6 x 10²³  is known as the Avogardo constant. The amount of substance with the Avogrado number of particles is called the mole. So a mole of any substance will contain 6 x 10²³  particles (atoms/ions/molecules).

2. Use the molar gas volume, taken as 24dm³ at room temperature and pressure.

At room temperature and pressure, the volume of a mole of any gas is 24dm³ or 24000cm³. This is called the molar gas volume.

 

3. Calculate stoichiometric reacting masses and reacting volumes of solutions; solution concentrations will be expressed in mol / dm³ .  (Calculations involving the idea of limiting reactants may be set.)

You can find the number of moles of atoms, molecules or ions using the following formula:

No. of moles =  mass of substance taken  ÷ mass of one mole of the substance

You can use this triangle diagram on the left to help you calculate each of the variable. Just cover the variable you want to calculate with your hand, to get the formula

 

 

Example problems:

• How many moles of water are there in 4.5 grams of water? The M_r of water is 18.

1 mole of water = 18g
No. of moles = mass of substance ÷ M_r
So 4.5 grams of water is 4.5 ÷ 18 = 0.25 mol (the abbbreviation for moles is mol)

• Calculate the mass of oxygen needed to react with 12g of magnesium.
  A_r values: Mg=24, O=16.

Write down the balanced equation:  2Mg +O₂ —————-> 2MgO

Calculate their masses by multiplying the no.of atoms with their respective A_r vlaues
2 x 24= 48g of Mg   &   2 x 16= 32g of O₂

So now we know that 48g of magnesium reacts with 32g of oxygen.

Moles in 12g of magnesium= Mass ÷ M_r
12 ÷ 48 = 0.25 mol

Mass of oxygen needed = Moles of magnesium x M_r
0.25 x 32 = 8g of Oxygen
To find the volume of gas produced in a reaction using the formula:

Volume of gas (dm³) = number of moles of gas x 24.

You can use the triangle diagram on the left to help you calculate the different variables.

 

Example problems:

• Calculate the mass of carbon dioxide present in 60 cm³ of carbon dioxide. M_r of CO₂ = 44.

convert 60 cm³ to 0.06 dm³
moles of CO₂ = volume of gas ÷ 24
0.06 dm³ ÷ 24 = 0.0025 moles

Mass of CO₂ = moles x M_r
0.0025 x 44 = 0.11g of carbon dioxide

• Calculate the volume of carbon dioxide which is produced when 2.8g of butene burns in excess air. The formula given is C₄H₈(g) + 6O₂(g) ———-> 4CO₂(g) + 4H₂O(l)
  M_r of butene = 56

moles of butene = 2.8 ÷ 56 = 0.05 moles

Only butene’s Mr is given, so you cannot calculate the masses of the butene and oxygen that produces the carbon-dioxide. But looking at the equation you can see that 1 mole of butene produces 4 moles of CO₂.    C₄H₈(g)  ——> 4CO₂(g)

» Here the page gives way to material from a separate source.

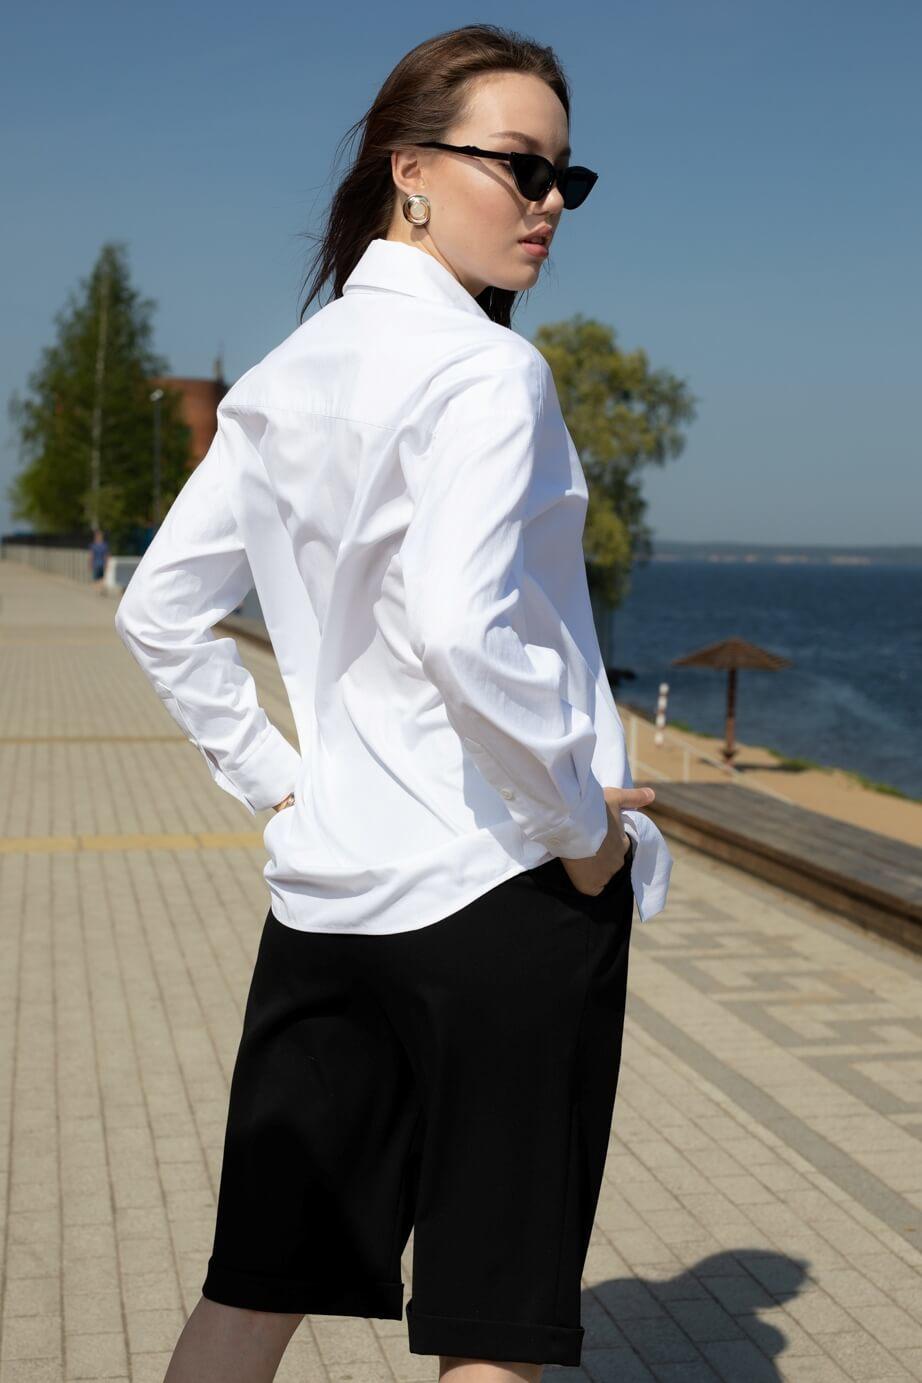 Рубашка мужского кроя с карманом

So, 0.05 moles of butene will produce 0.05 x 4 = 0.2 moles of CO2.

Volume of gas (dm³) = number of moles of gas x 24.

0.2 moles of CO₂ will ocuppy 0.2 x 24dm³ = 4.8dm³

 

When a reaction is carried out, sometimes an excess of one reactant may be used. The reactant that is not in excess is called a limiting reagent. The reaction will stop when the limiting reagent is used up. The reactant with the lower no. of moles is the limiting reactant in any reaction.

Example problem:

• 1.2g of magnesium is reacted with a solution containing 2.74g of hydrochloric acid. Which is the limiting reactant?
  Mg + 2HCl ————-> MgCl₂ + H₂
  A_r values:   Mg= 24,  Cl= 35.5,   H= 1

Mr of HCl = 35.5 + 1 = 36.1

No. of moles = Mass ÷ M_r
number of moles of magnesium = 1.2 ÷ 24 = 0.05 mol
No. of moles of hydrochloric acid = 2.7 ÷ 36.5 = 0.075 mol

From the equation, we understand that 1 mol of magnesium reacts with 2 mol of HCl. So to react completely, 0.05 mol of magnesium will need to react with 2 x 0.05 = 0.1 mol of HCl.

But we only have 0.75 mol of HCl. So HCl is the limiting reactant.

(Try doing the question on your own. This is a very confusing topic). Using this type of calculation you can also find out by how much one reactant is in excess.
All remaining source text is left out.